The full-page panel on page 141 is just the same. Still frozen. Dio’s rags are suspended in mid-air. Yet Dio Brando took another few steps, and he is halfway from Kakyoin, who still stands in precarious balance, out of touch with the world. “What’s going on?!?” we ask ourselves.

Disoriented, we glance back and forth between pages 140 and 141, trying to solve the riddle. Both pages seem to look alike until we realize that they are not.

I like to imagine that Araki put these two pages in front of each other on purpose, to let us play spot the differences and further spend time on the spread. And the fraction of time that it takes for Dio to jump from a dome to a tower becomes an eternity in our inner time, while we look at the effects of his sky walk, slowly realize what he has just done, and worry about the potential aftermath.

The closure

After the peak of the climax, Araki makes everything obvious in the last spread in Dio’s World Part 7, where the narrative rhythm is back to the usual, with an average of 4,50 panels per page.

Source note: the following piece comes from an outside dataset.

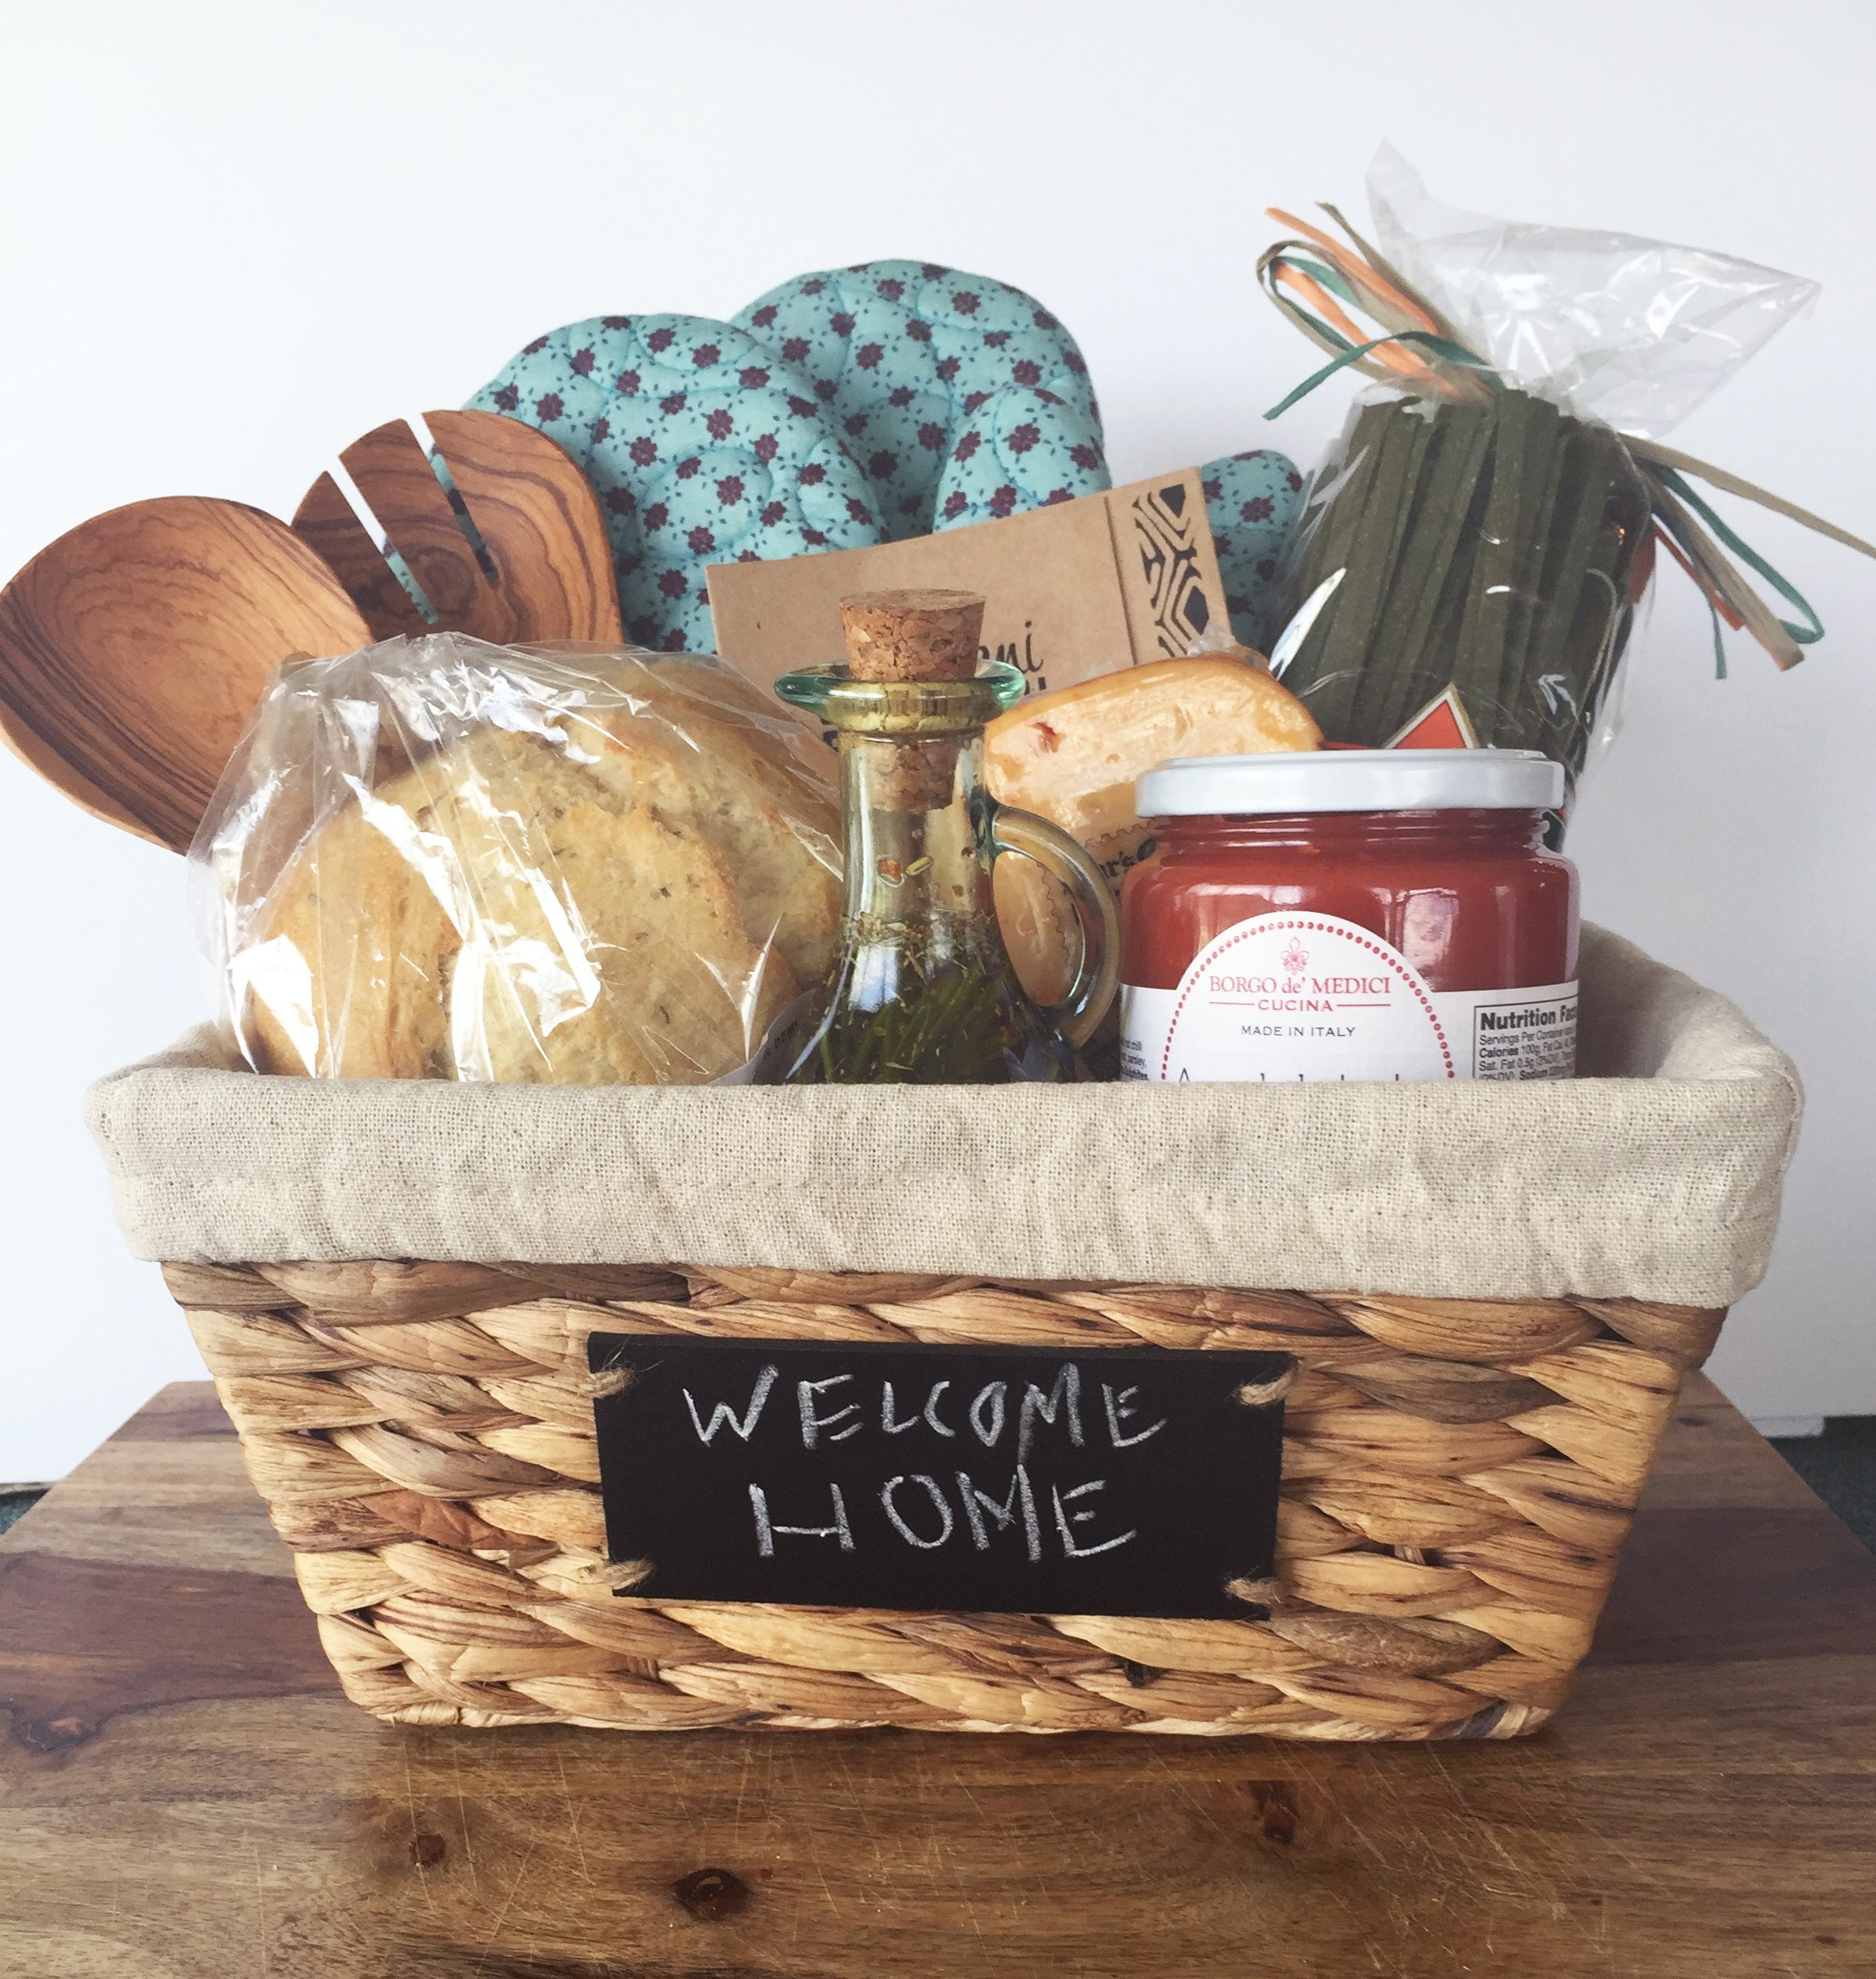 Household Gift Basket Ideas
 DIY HOUSEWARMING GIFT BASKET T A S T Y S O U T H E R N

Page 142 has six panels, coupled two by two. The panels in each couple share the same camera angle and thus point to the same frozen, invariable background. While Dio moves in-between frames, everything else stays immutable.

In the first two panels of page 142, Dio moves a rock out of his path. A still clock is well framed in the center of the panel. Its hands do not move.

In case it is not literal enough, in the last panel of the page, Araki lets Dio declare clearly that the time has stopped. Dio is now one step closer to Kakyoin, who is still out of touch with the world….

  1. In a printed book the right-hand page is called the recto and the back of it, a left-hand page, is called the verso. A double page of a verso and a recto is called a spread.